I must confess that I have owned C.S. Lewis' The Screwtape Letters for a few years now and have tried to read it but could not. The same happened with Mere Christianity. I don't know why it is difficult for me to get into those books, so it was good for me to be assigned a letter from The Screwtape Letters. Maybe I just needed some motivation.
This letter is about "Uncle Screwtape" writing to his "dear Wormwood" about how to lure his Christian "patient" into rejecting Christianity. Basically, this is a fictional story in which these guys are employed by the devil to turn people away from God. Obviously, this strategy is effective because it encourages a Christian to get a glimpse of the "other side." As Beth Moore said once, there are two problems with Christian approaches to Satan: 1. The demonic world is not addressed, and 2. It is addressed way too much. I am not an expert on Christianity during the time when C.S. Lewis wrote, but I have a hunch that The Screwtape Letters was innovative for its time. I grew up in an Episcopal church, and C.S. Lewis was Anglican, so if that upbringing was anything like mine, the devil was completely ignored. Probably people were shocked when this book came out. I have been to churches that both overemphasize and underemphasize Satan, and I can attest to the danger of both extremes. The Screwtape Letters is a valuable resource for Christians who might be skeptical about the devil (French poet Baudelaire apparently said according to http://www.espacepat.org/quotations/2-quotations-501534.html that, "The greatest trick the devil ever pulled was convincing the world he doesn’t exist"). At the same time, Christians shouldn't talk ONLY about the devil and his schemes because that gives Satan too much glory.
The letter we read is about lukewarm Christianity. Screwtape and Wormwood want to know, "How can we turn a devout Christian away from God?" They decide to tempt the Christian with making different choices, having different habits, and accumulating small sins all of which amount to a spiritual "snowball effect." As Screwtape writes at the end of the letter, "But do remember, the only thing that matters is the extent to which you separate the man from the enemy. It does not matter how small the sins are provided that their cumulative effective is to edge the man away from the Light and out into the Nothing... Indeed the safest road to Hell is the gradual one." So true.
"Lukewarm behavior" comes from Revelation 3:15-16- "So, because you are lukewar-- neither hot nor cold-- I am about to spit you out of my mouth." Lukewarm Christianity is quite familiar to me as I grew up in a post-Christian suburb. I might argue that it's one of the biggest problems in Christianity today. I would like to address two aspects of "lukewarm Christianity" because people are raised in different ways and have different religious experiences. The question of "How does a devout Christian fall away from God?" is a loaded one.
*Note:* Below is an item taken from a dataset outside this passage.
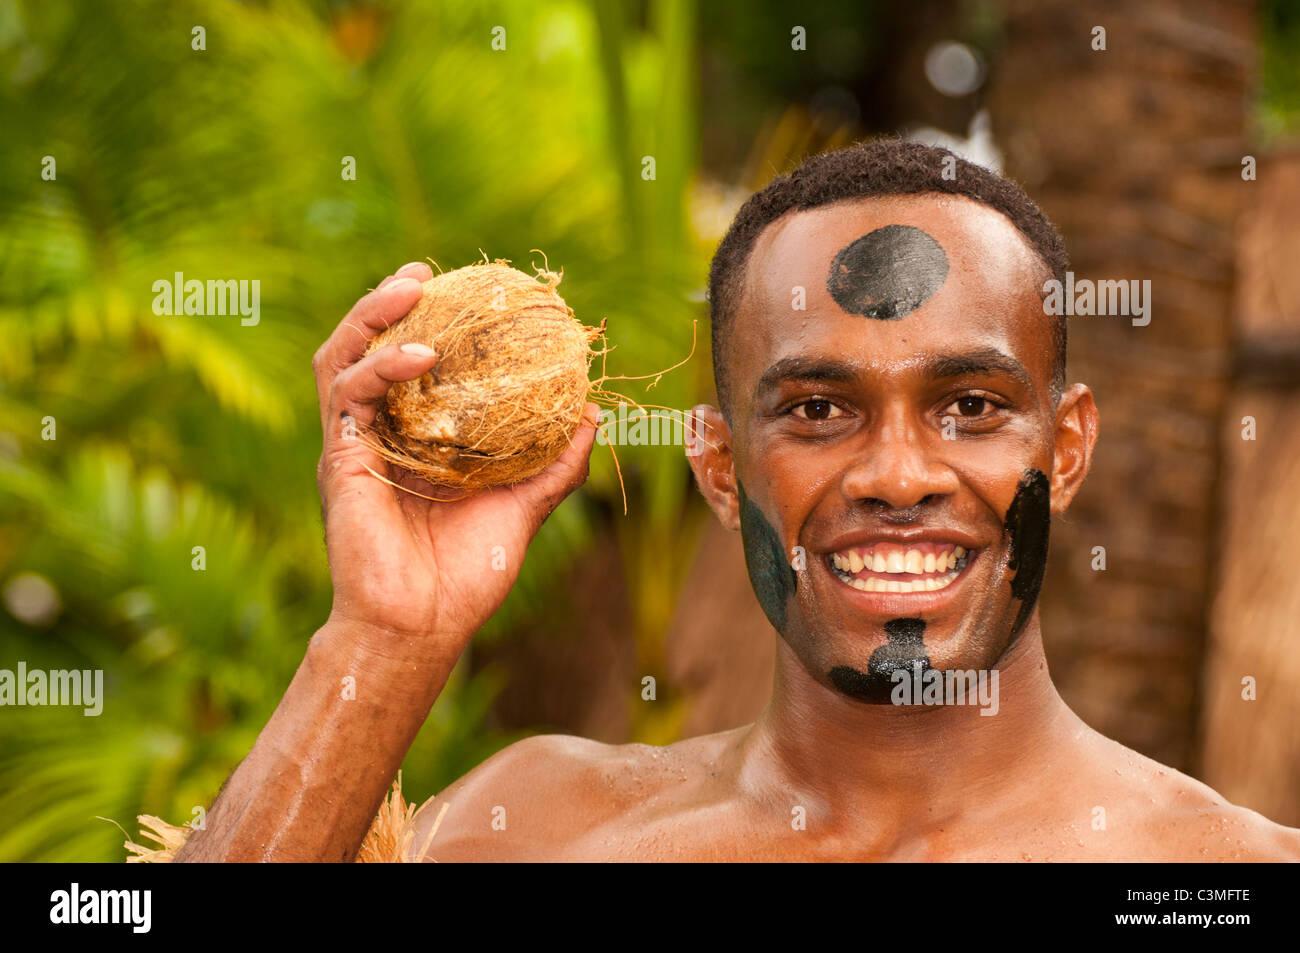 Tradtional Fijian warrior performs cermony with mature coconuts, Castaways Resort, Qalito Island, Mamanucas, Fiji - Stock Image

1. I grew up in a "lukewarm Christian" atmosphere, but it wasn't as if people had fallen away from faith. They had never really been passionate about their faith in the first place. My peers usually went to church... until confirmation, when their parents didn't make them go anymore. My own brother went to church for 18 years and started at the University of Michigan this fall and refuses to go to church or even talk about Christianity. I guess these Christians might also be called "nominal Christians" or "deists," but I think the "lukewarm Christian" model applies here still. So many people I know believe that Jesus is the son of God, etc. but that's it for them. Faith is not dynamic; they have no relationship with God. When I was in Europe, I went to HUGE cathedrals with almost no one in them. It breaks my heart. Christianity has become "cultural" in so many parts of the world and many have substituted a vibrant, rich faith life for a stale one hour on Sunday, if that. Lewis doesn't really address this in the letter we read, but I still think the devil is working there.
2. The other kind of "lukewarm" is what is more familiar to Grand Rapids (it was totally foreign to me before I first came here). There are statistics that claim that many young Christians fall away from their faith, and it is a huge concern. It's raising huge alarms in the church. How could active youth-group participants and dedicated church-goers just fall away from their faith later on? What might possess that to happen? Right now the "College Transition Project" through Fuller Seminary's Youth Institute is striving to answer that question. But before this project, Lewis addressed this issue in letter XII of The Screwtape Letters.
I grew up knowing no real "passionate" Christians, so the thought of passionate Christians falling away just made no sense to me until high school. I still don't have very much insight into this topic, but from what I gather, Lewis' analysis is astute. It is the little things that matter, the little, everyday habits and choices that accumulate. The main warning I get out of this is BEWARE of the devil's schemes and always be on guard!!!! It is never safe to just "chill" at a certain point spiritually and not devote much effort to improving because that is a potential spot of weakness. I see a parallel between falling away from Christianity and addictions. Let's say you are an alcoholic. If you make one bad decision and drink again, it is so easy to just pick up that bottle one more time. And once you do it once, you feel this momentary rush and the urges get stronger and more frequent. Pretty soon, you've relapsed. I would argue that sin is an addiction. Each little sin "just one sip" just whets our appetite for MORE. Therefore, I would advise Christians to never settle or compromise because it is in all these little decisions that the battle is made.